Depression defies
rationality. How do you reason with a mind that's malfunctioning? What if that
mind is yours?
For the past year or
so, I've been occupied in no small part by navigating through the wormhole of
depression. Upending my life and moving a few hundred miles north exacerbated
the symptoms I'd already been having: uncontrollable bouts of hysterical
sobbing, so forceful I injured my chest; and a dark tint that colored my
thoughts.
2011, when I first met depression. Or: Everything seems beautiful, so why isn't it? |
Everything was fine. I
loved my new job. I had people around me who weren't shy about telling me that they
loved and supported me. And yet, this thing that I seemed to have no control
over, this shadow creature, grew to fill the space inside my body and whisper
bitter nothings in my ear. I could usually control it enough to get through the
day, eyes icy and heart frozen, but sometimes I'd shatter and curl up tight as
the world shrank to a suffocating and poisonous second skin. I'd moan for help,
but I couldn't tell if I was making a sound. I'd lie in the bathtub crying and
think how much of a relief it would be not to breathe anymore. "I'm so lonely,"
I'd say underwater, not because it was true but because that was the closest I
could get to expressing how scary it was to be alone in my head.
During one of my first
doctor's appointments in Washington, my new doctor saw the blank shield of my
face and suggested antidepressants. "You shouldn't have to feel like this," she
said. Immediately the other beast I keep inside—fear—rose up and clawed at me.
Fear of medication. Fear of change that would upset the delicate balance of my
body. I thought about it for a few weeks before deciding I needed quicker
intervention than therapy would provide. I did both: enrolled in therapy,
embarked on the trying antidepressant journey.
The first medication
was the worst. The world warped. I slowly brushed my teeth, thinking about
shoving the toothbrush through the back of my throat. I looked out the window
and pondered jumping off the balcony. I couldn't go to work the next day,
because I felt so inhuman. Derealization, they call that. I sat alone on the
couch, staring at my hands, calling my doctor, until it wore off. The next medication
gave me brutal headaches that had me throwing up and begging for death and
struggling desperately not to smash my head into the floor to lessen the pain.

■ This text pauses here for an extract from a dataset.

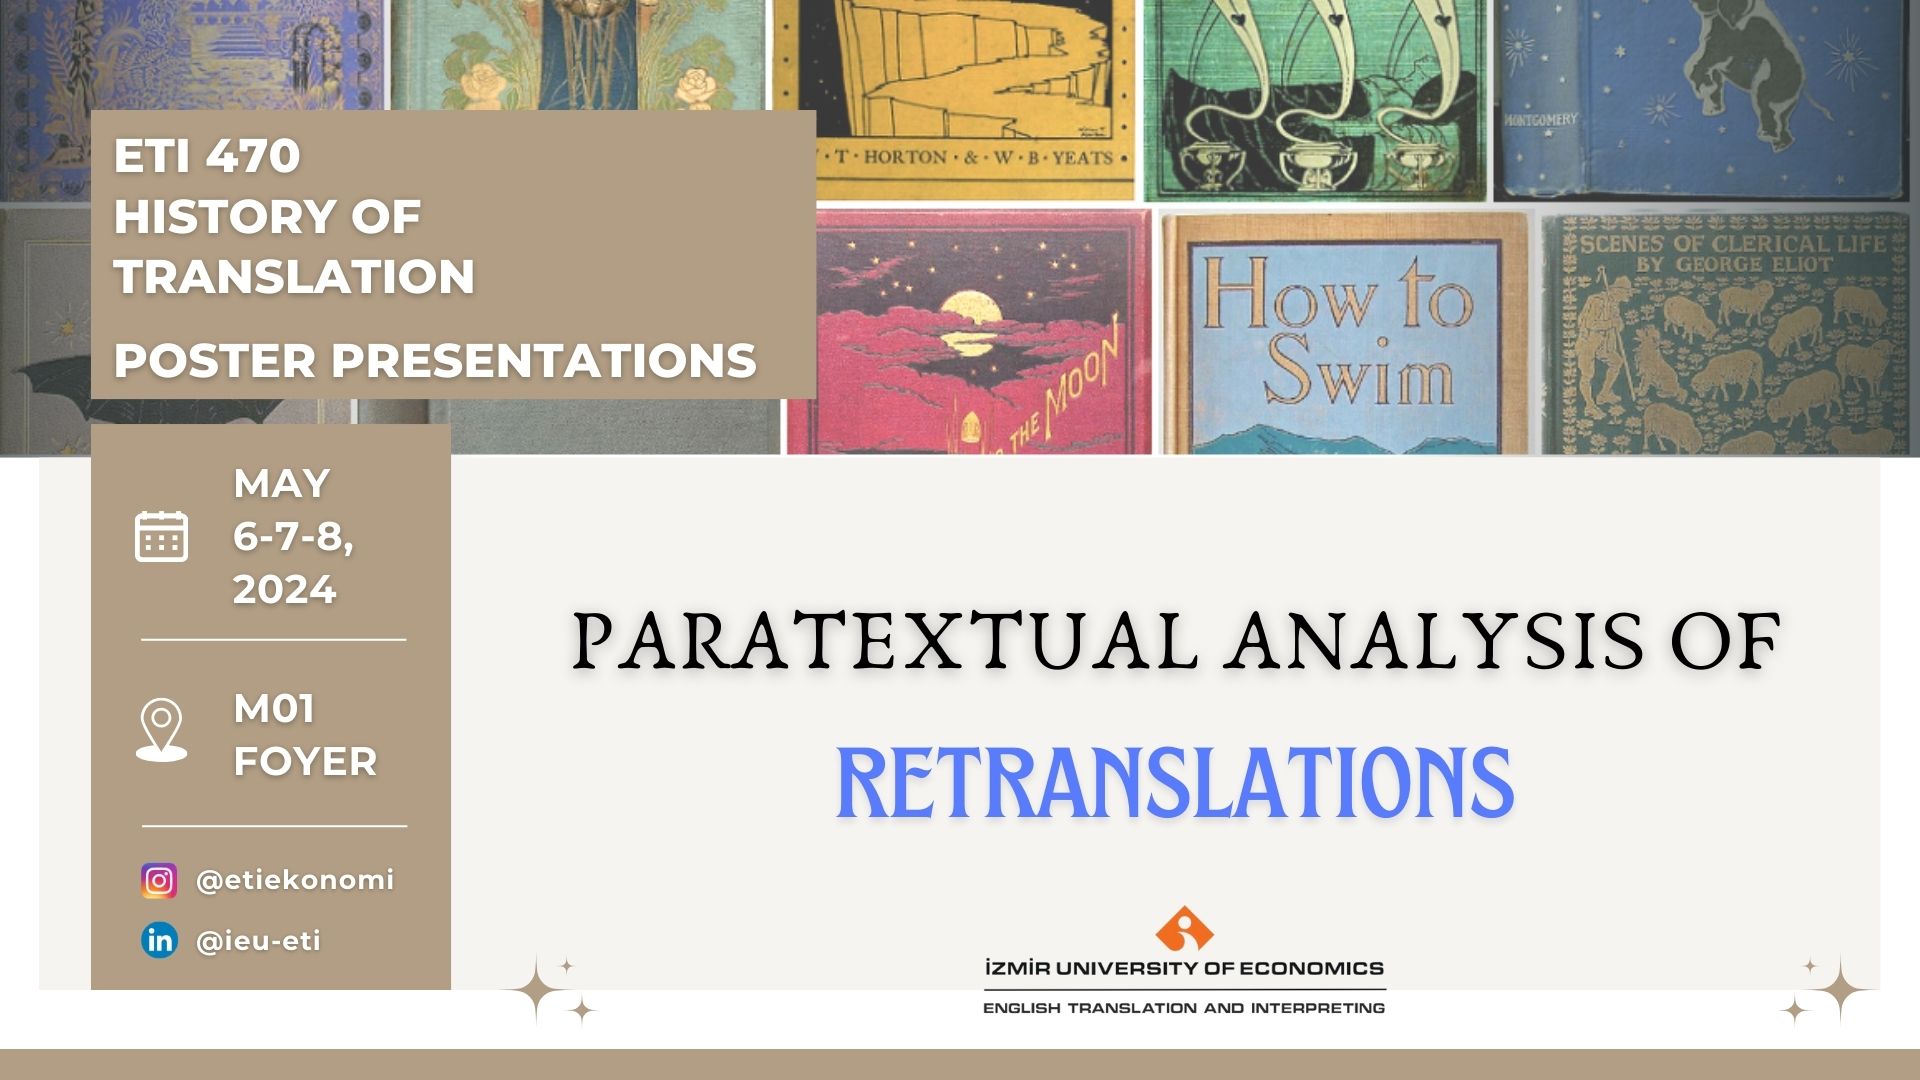 ETI 470 Translation History, Poster Exhibition: "Paratextual Analysis of Retranslations"

The next was fine for months until it started giving me night sweats. I bought
special pajamas made for menopausal women; I bought expensive sweat-wicking
sheets. Still, the lack of sleep was unbearable after a few weeks. The next medication
was lovely until it made me so drowsy I walked around feeling as if I were constantly
coming up from anesthesia.
Naptime in 2011. (No wonder I have neck pain.) |
And yet, despite these
landmines of debilitating symptoms, I would not trade them for how I was
before. The joy I once had for life has come slowly seeping back, melting the
ice that threatens to encase me. These scattered months of peace have afforded
me the chance to feel myself again. The "talk therapy" helps me work toward a
place of greater stability and understanding.
Honestly, I believe I
first dipped a toe into depression in college, not long after I started
having Crohn's symptoms. (Side note: A disproportionately high percentage of
IBD sufferers are also afflicted with depression. I don't claim to know why
exactly that is.) I also have a family history of it.
I think it's folly to
suggest that troubling life circumstances equals depression. I also think it's
folly to tell someone in the clutches of that malevolent shadow to "choose
happiness." There is a point at which it's not a choice.
I feel pretty good
lately, in my intestines and in my head. But it's funny that all my trials, at
their core, come down to me against me.